02 March 2009

Gesture Recognition – Breaking the Barrier between us and our tools/toys

Historically, humans have required textual/graphical user (keyboards, mice) and hepatic/tactile (joysticks, data gloves VR helmets) interfacing systems to interact and communicate with computers. The latter group of devices sense body movements and “feed” information to software based on position. Conversely, users can receive information in return through the aforementioned hepatic channels in the form felt sensation such as a vibration (amalgamated from http://www.webopedia.com/TERM/H/haptic.html and http://www.webopedia.com/TERM/I/interface.html). These input/output tools have typically chained users to their machines, requiring them to be within arms length of the devices in order to interact with them. Gesture recognition technology is striving to end this bondage, by not only improving interaction between user and hardware but also by opening doors for individuals who are physically challenged and have difficulties with the current user interfaces.

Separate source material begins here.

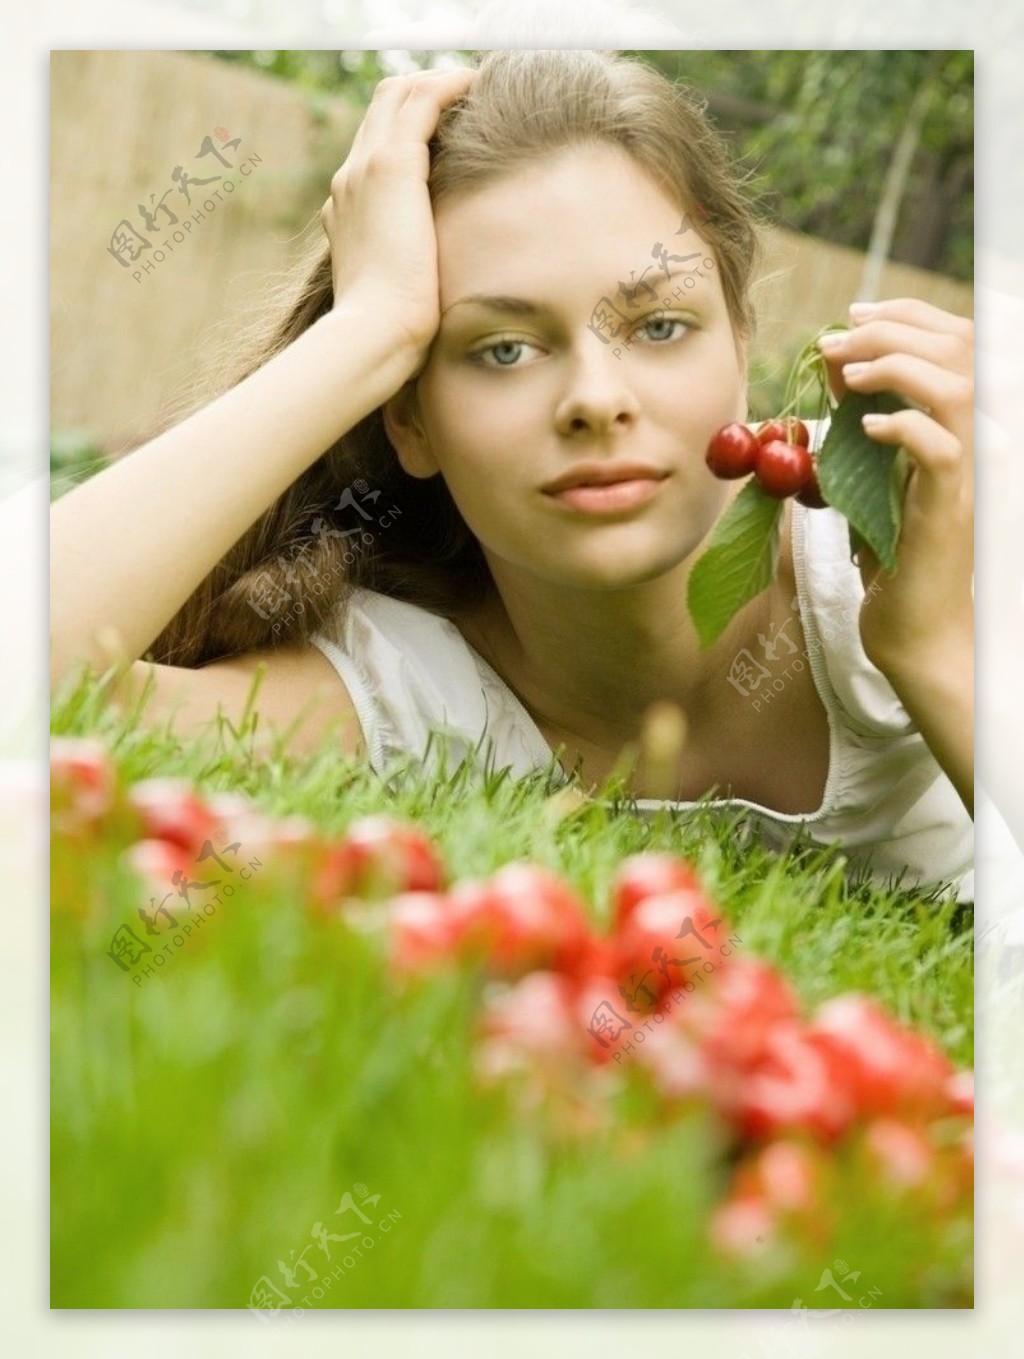 爬在草丛中手拿浆果的漂亮性感女孩图片

Gesture-recognition systems identify human gestures (typically head, arm, hand, and leg movements in addition to torso position) via the use of a camera (and in some cases motion sensors or ultrasound emissions and infrared lights) that read the movements of the human body and conveys the information to a computer that uses the gestures as input to control devices or applications. Though a majority of the systems can only interpret broad gestures (problematic…more later) some are capable of decoding facial and speech expressions (i.e., lip reading), and eye movements(amalgamated from http://www.webopedia.com/TERM/G/gesture_recognition.html and http://ieeexplore.ieee.org/ielx5/2/29695/01350721.pdf?arnumber=1350721.

The technology’s proponents tout a variety of potential uses for the technology including but not limed to:

• Surgical simulations
• Improving security and surveillance
• Military applications
• Interpretation of sign language to spoken word
• Replacement of traditional input devices- keyboards, mice, joysticks etc.
   o Virtual Keyboard for PDAs; http://www.ideinc.com/canesta.html
   o Head- and eye movement-based cursor and mouse interface 
       technolology, - users can work with applications by moving
      cursors  with head movements and clicking the mouse with eye
      blinks instead of double-clicking, users can double-blink while 
      looking at an icon or file name. http://www.cybernet.com/products/navigaze.html
   o Automobile controls drivers would change, for example, the 
      temperature or sound-system volume by manoeuvring their hand in   
     various ways over a designated area. This could increase safety by
     eliminating  drivers’ current need to take their eyes off the road to
     search for controls  http://www.cc.gatech.edu/ccg/projects/gestpan/ 
Gesture recognition technology has faced and still faces major hurdles from intrusive hepatic devices (as not all systems have switched to camera, sensors etc.) to its resource intensity resulting in the interference with other system functions and slow image processing/lag which is undesirable when playing a dynamic video game. Furthermore, many products can’t read motions accurately or optimally when faced with changing or excessive lighting or when the user is situated near or in front of “busy” backgrounds. An additional key issue lies with the technology’s inability to interpret which intended gesture a series of motions actually represents; this is compounded by the lack of a common gesture language, specifying the way users should make gestures to make sure they are easily recognized. http://ieeexplore.ieee.org/ielx5/2/29695/01350721.pdf?arnumber=1350721.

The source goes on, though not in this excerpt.